Davidson: Dr. Beverly Daniel Tatum, in the classic and widely-acclaimed Why Are All the Black Kids Sitting Together in the Cafeteria? And Other Conversations About Race, analyzes how students of color in a predominantly white classroom and with a white teacher often don’t speak in class. To oversimplify a complex point, nearly everything about higher education “stamps” (to use Ibram X. Kendi’s term) academic success as whiteness. Antiracist pedagogy breaks that cycle in content, in method, and through role models, peer-to-peer mentoring, and advocacy. We use what are called “inventory methods” to ensure everyone in a class participates, every point of view is heard, not just those two or three students who raise their hands in the traditional discussion classroom. We have extensive research on how those academically vocal students tend to most closely mirror the demographics of their professor (race, gender, social class, and educational background) and are also most likely to go to graduate school and become professors. Hierarchical pedagogical methods, along with the implicit bias of professors and a curriculum that privileges white perspectives, tend to perpetuate the racial disparities we see in higher education, where there are more than twice as many students of color as faculty of color.
There’s another aspect of antiracist pedagogy that Dr. Tatum discusses incisively. Given residential and therefore primary and secondary school segregation in America, college is the first place where many students encounter students from other backgrounds first-hand. If we are going to be responsible professors, we have to recognize that, even at CUNY in this highly diverse city, students still may be experiencing their first up-close encounters with students of a different race, ethnicity, religion, social class, sexuality, or ability level. In small group work, suddenly they are collaborating — and bringing whatever preconceptions, biases, and assumptions into the complexity of collaboration. Yet their professors were products of the same residential and educational segregation, and of a system of higher education (and especially graduate school) selection that may even increase that segregation.
Few of us have any pedagogy training — and fewer still have any training in antiracist pedagogies that gather and value different ideas rather than echoing one kind and form of idea.

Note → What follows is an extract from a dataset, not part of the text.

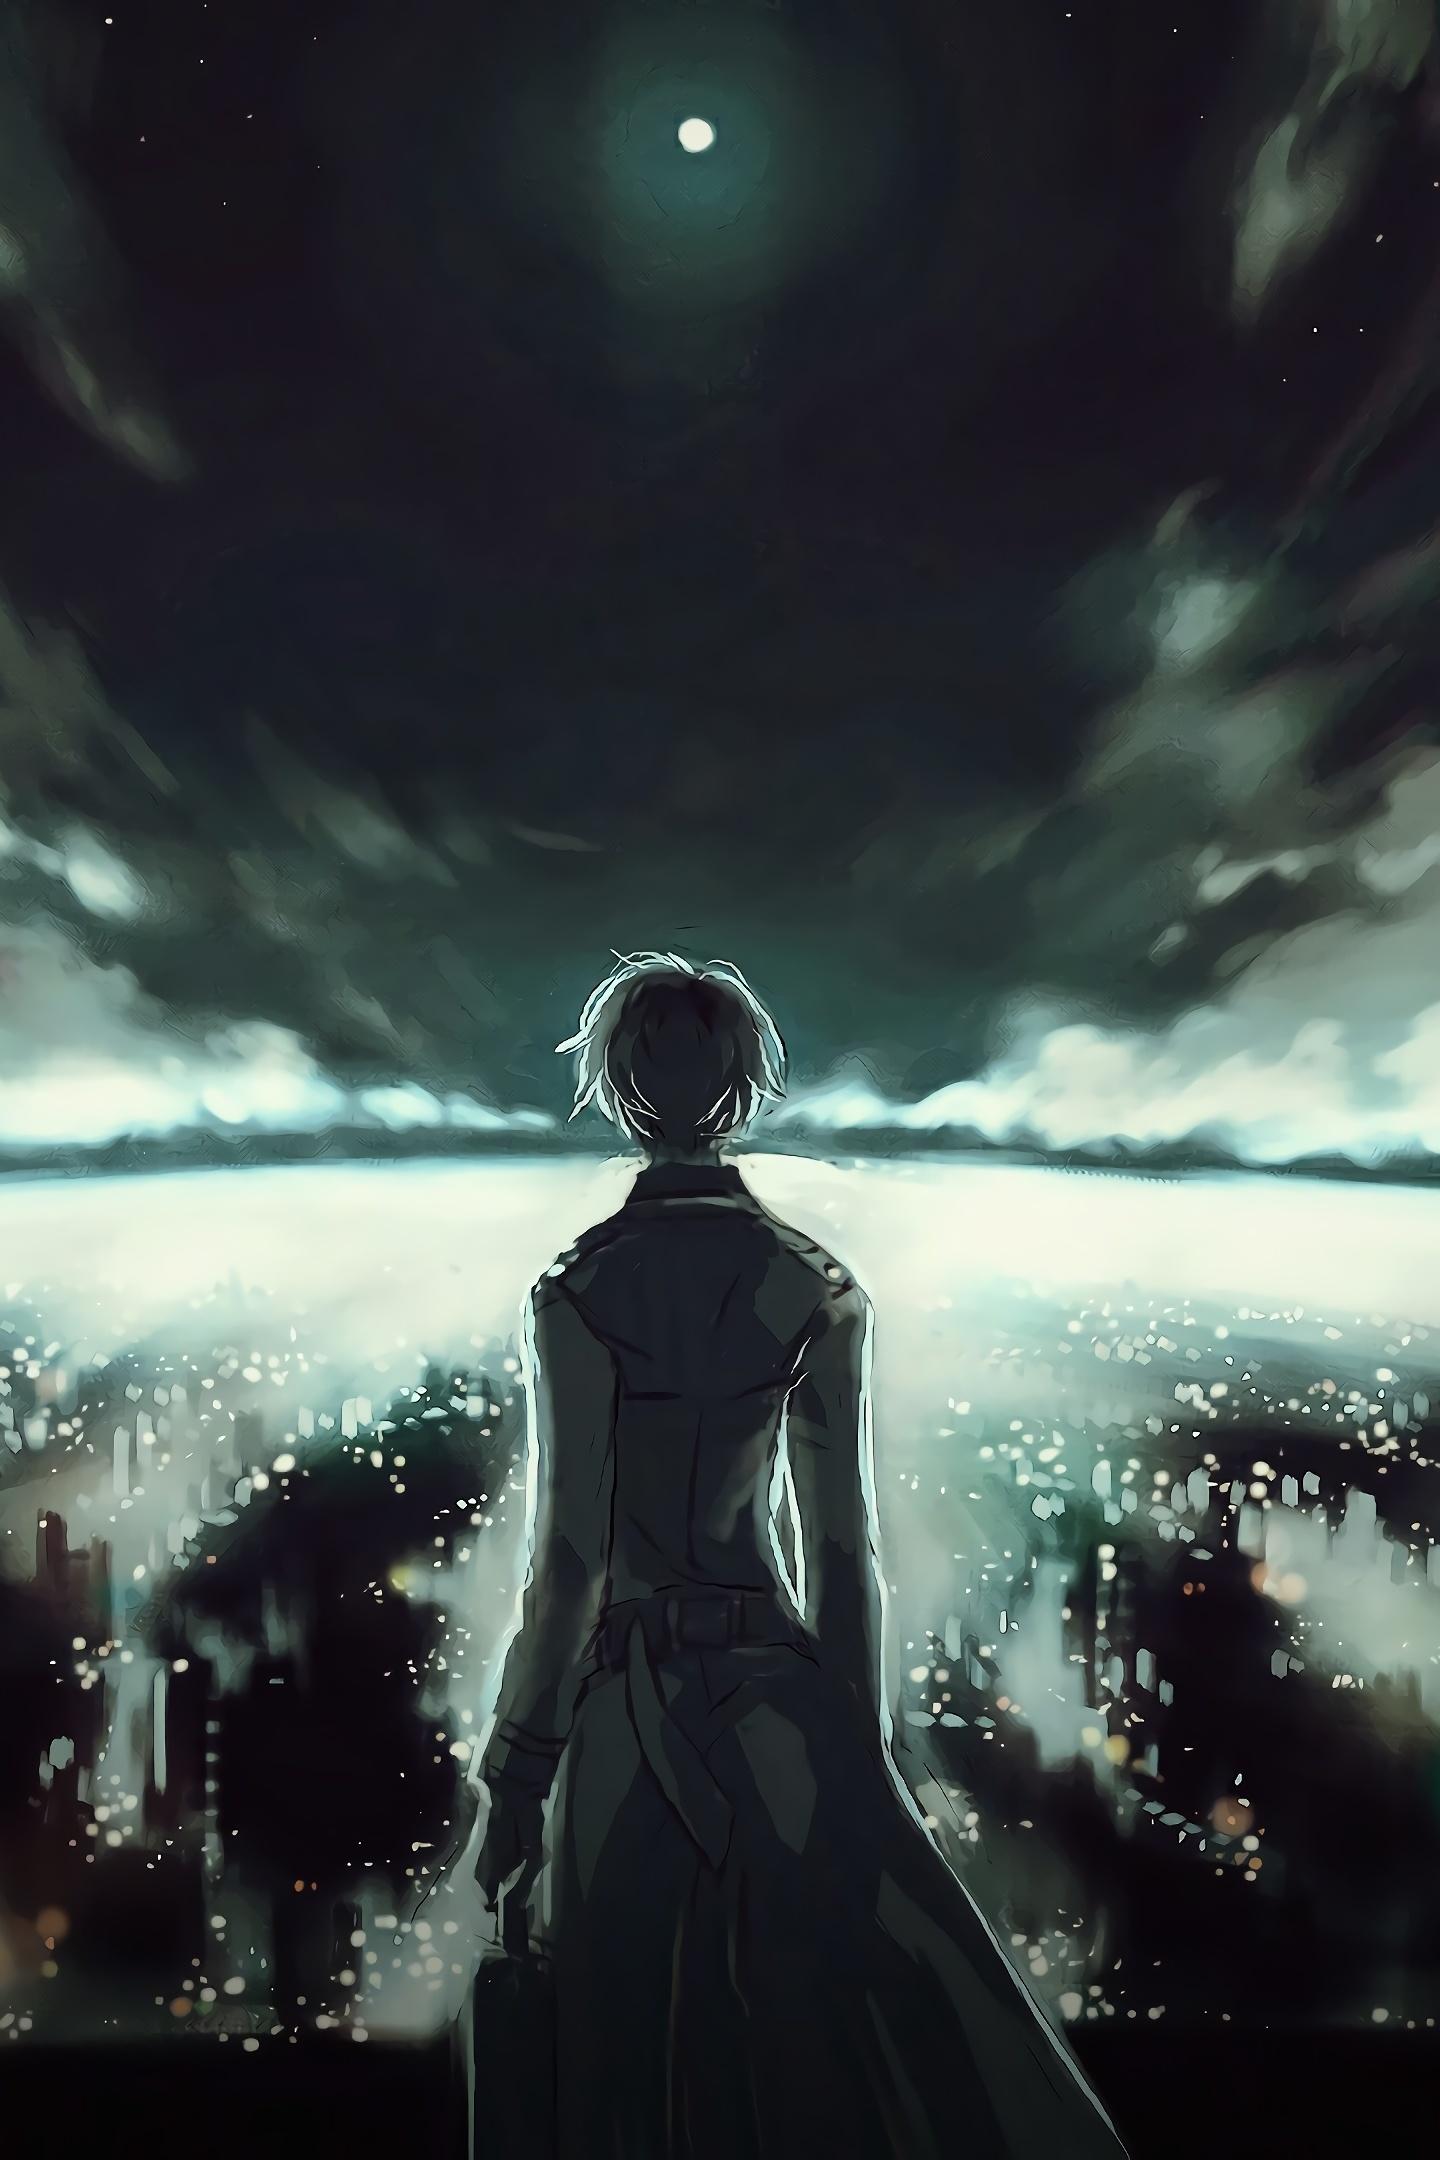 Download 1440x2560 wallpaper ken kaneki, tokyo ghoul, anime, dark

Here at the Graduate Center, we are training the next generation of professors. Our graduate students are teaching introductory courses all over CUNY. Our graduate students are more diverse than our faculty, and the undergraduate students that they teach are more diverse than our graduate students. So our Transformative Learning in the Humanities grant specifically offers training in a variety of methods useful in the “majority minority” classroom, for professors who may be from a different background than the students. We also focus on faculty of color and what it means to succeed in majority white institutions.
GC: You hired two Graduate Center alumnae, Christina Katopodis and Jessica Murray, to work with you on this project. How do you see their Graduate Center training influencing the work they’re doing now?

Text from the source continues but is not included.